In order to solve this problem, firstly let us know about the most important theorem in probability which we are going to use to solve this.
The name of the theorem is Bay’s theorem and it is defined as follows:
Baye’s theorem describes how the conditional probability of each of a set of possible causes for a given observed outcome can be computed from knowledge of the probability of each cause and the conditional probability of the outcome of each cause.
In simple words to get understanding, the probability of an event that occurs after one event occurs can be calculated through this.
In the given problem, we are asked to calculate the probability that the second spring drawn is faulty.
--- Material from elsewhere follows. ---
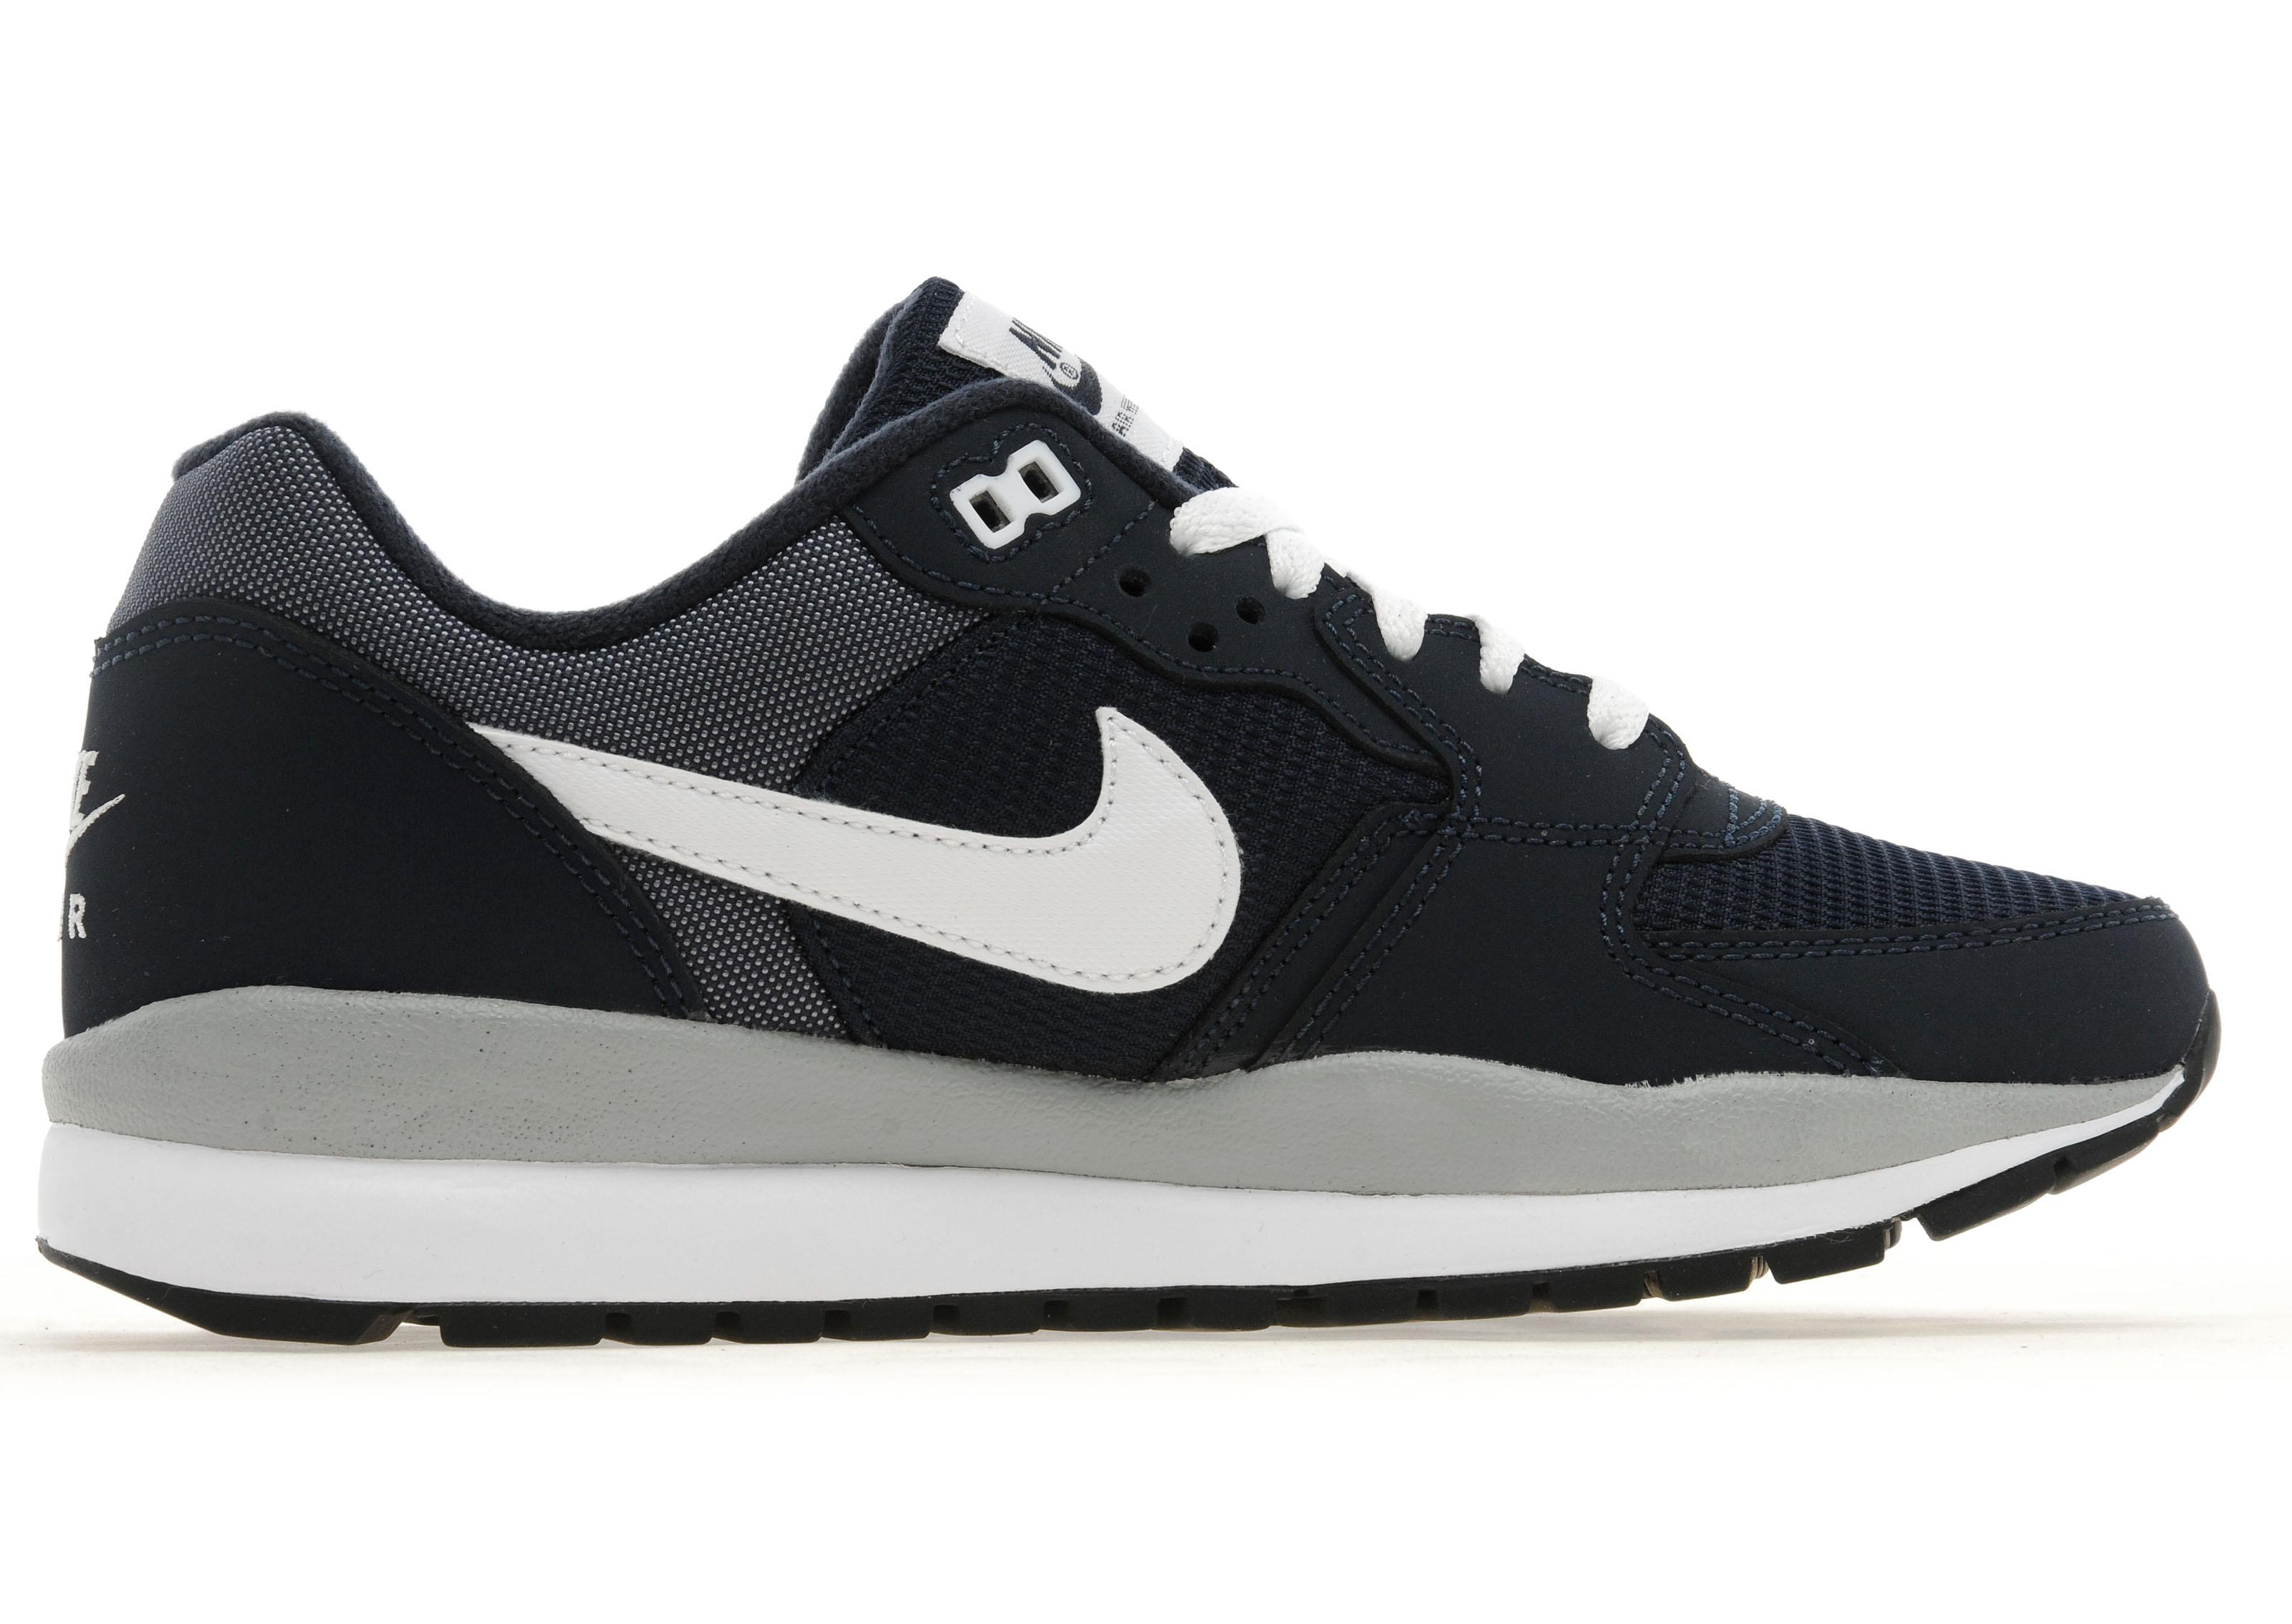 Nike Air Windrunner TR II Black Black White | SneakerFiles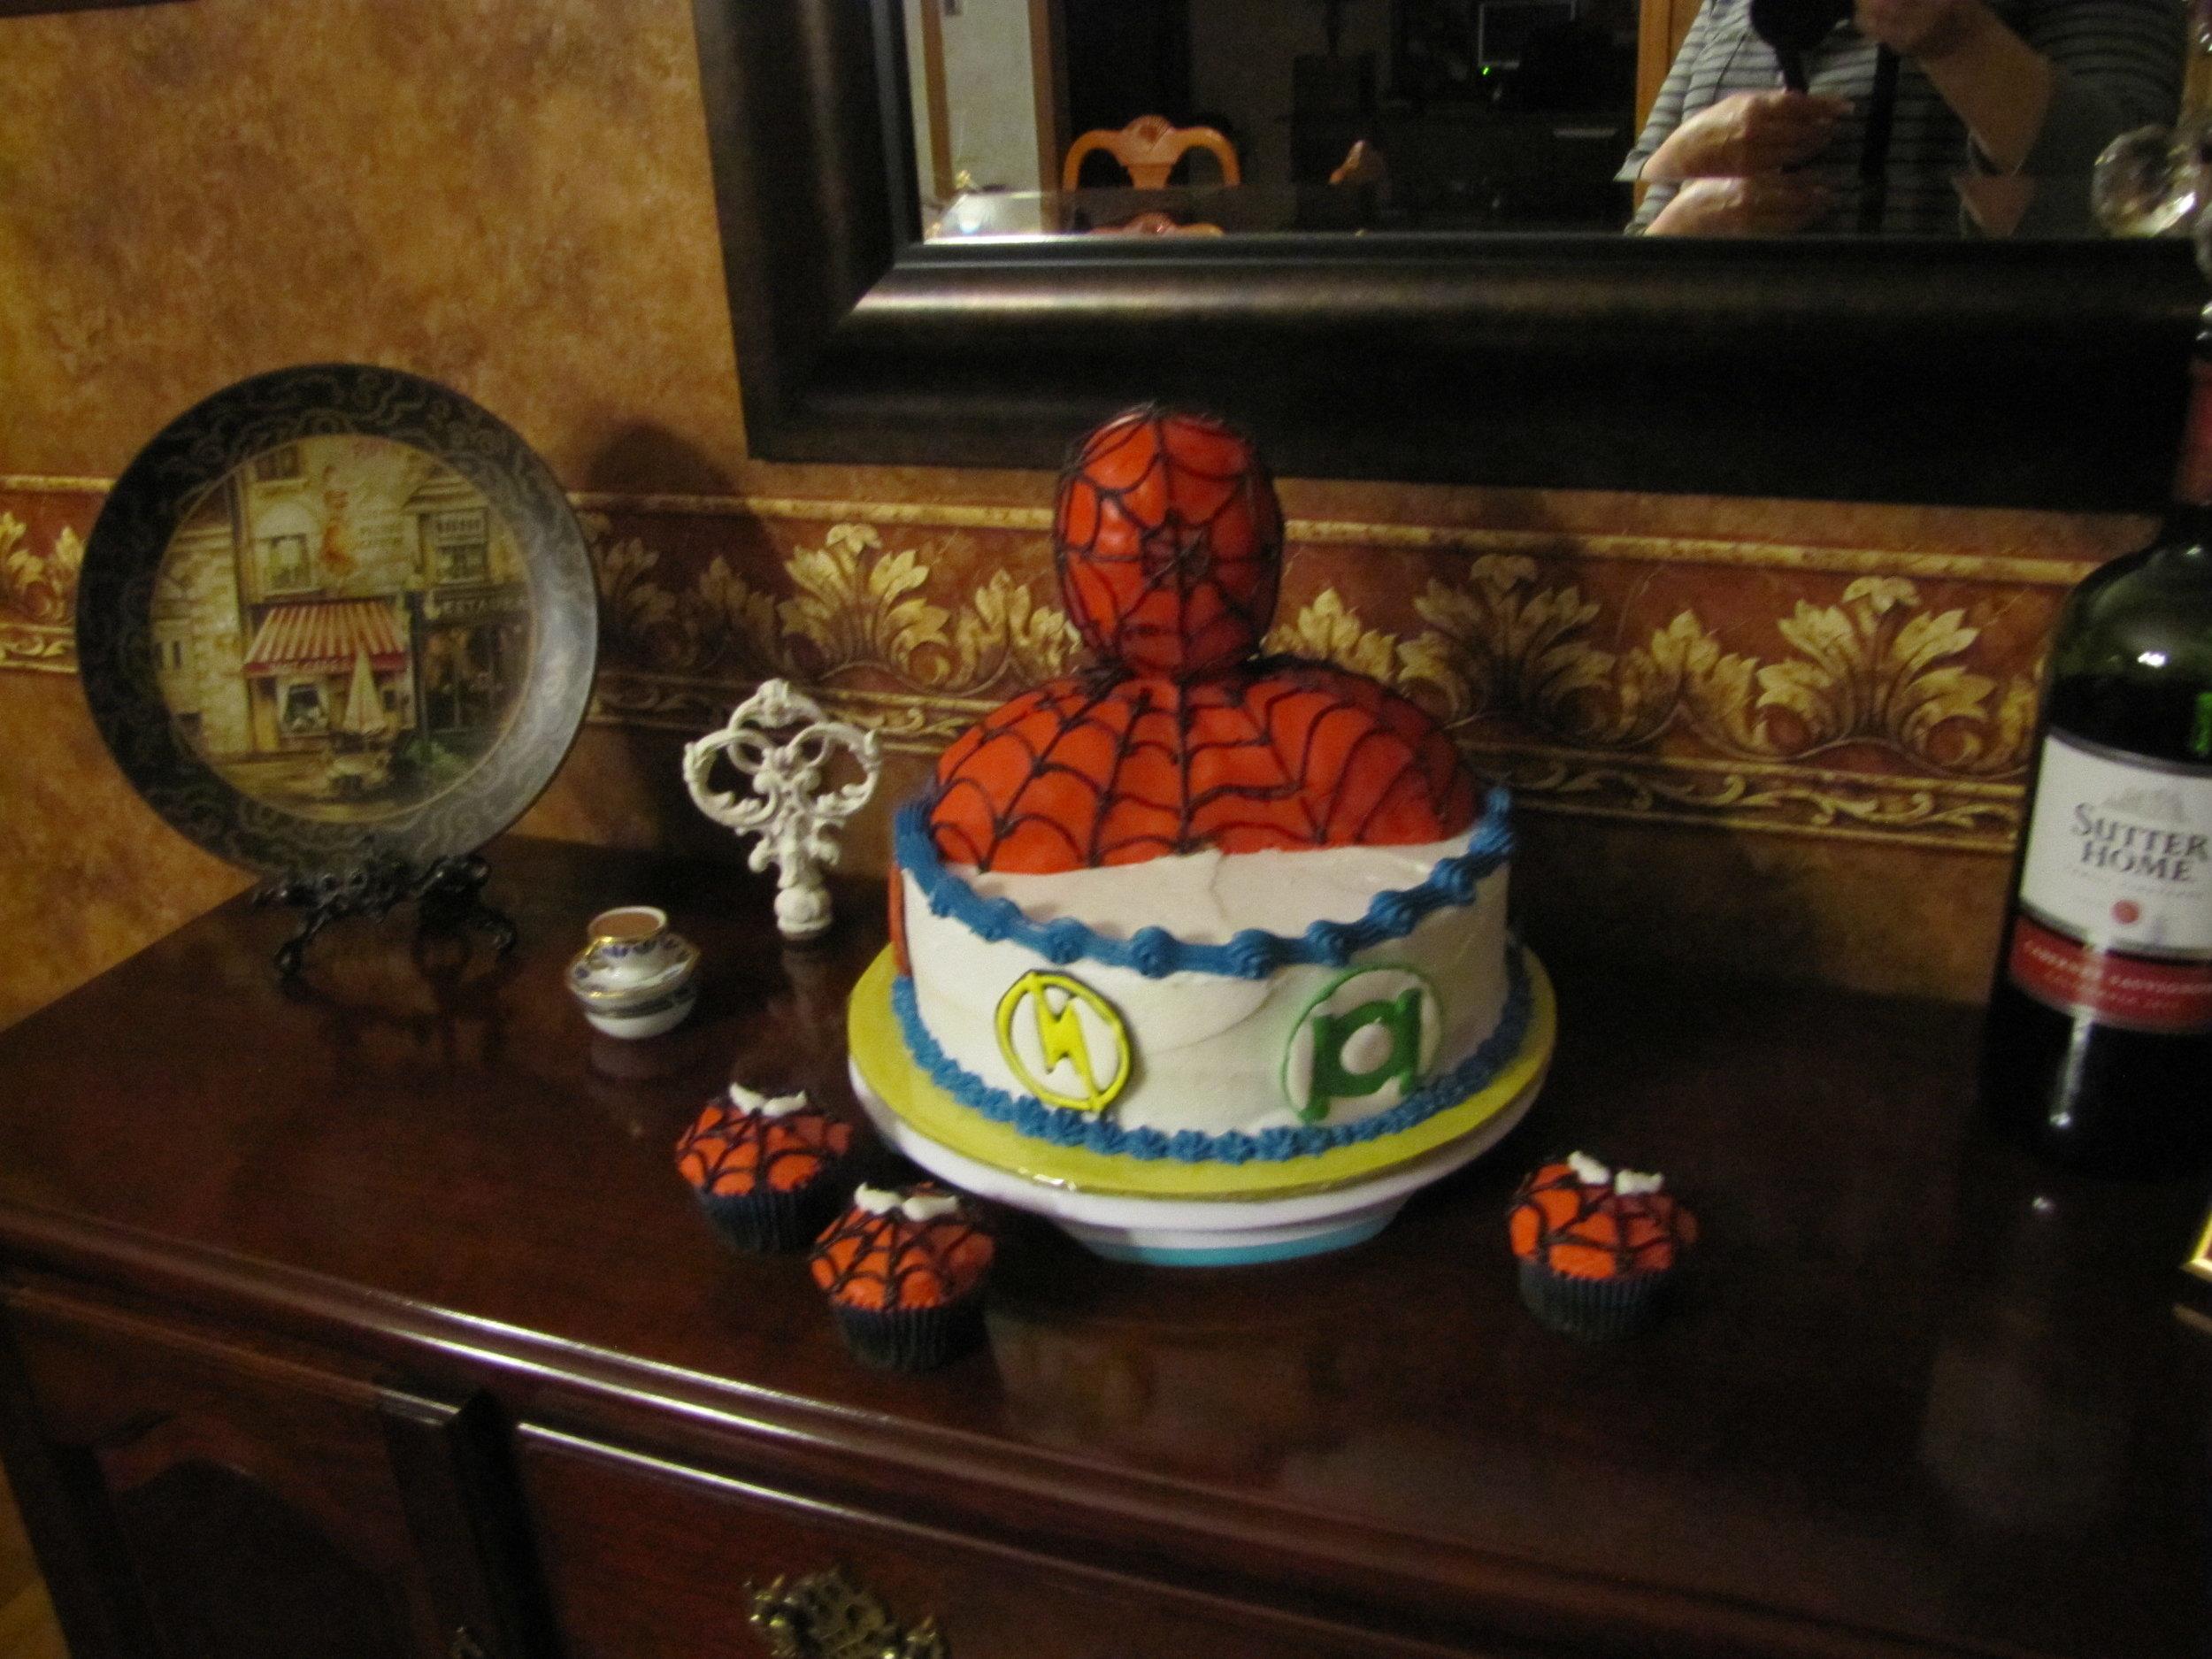 super hero 3 cake.JPG

So, the spring that we draw first can be anyone. It can be either a good or faulty one.
Let us note down the Baye’s theorem below
$P\left( B \right) = P\left( {B/A} \right)P\left( A \right) + P\left( {B/A'} \right)P\left( {A'} \right)$
In which $P\left( B \right)$ is the probability of the second event and $P\left( A \right)$ is the probability of the first event.
Let $P\left( B \right)$ be the probability of the second spring chosen is faulty and $P\left( A \right)$ is the probability of the first spring chosen is faulty.
Total number of springs in the box $= 8$
Number of faulty springs $= 3$
So, the probability of event $A$ is $\left( {\dfrac{3}{8}} \right)$ and $B$ is $\left( {\dfrac{2}{7}} \right)$
Because there are three faulty springs out of eight and when one is chosen there will be only two faulty springs out of seven.
We know that $P\left( {A} \right) + P\left( {A’} \right) = 1$
So for the event that the first drawn spring is good is $P\left( {A'} \right) = 1-\dfrac{3}{8} = \dfrac{5}{8}$.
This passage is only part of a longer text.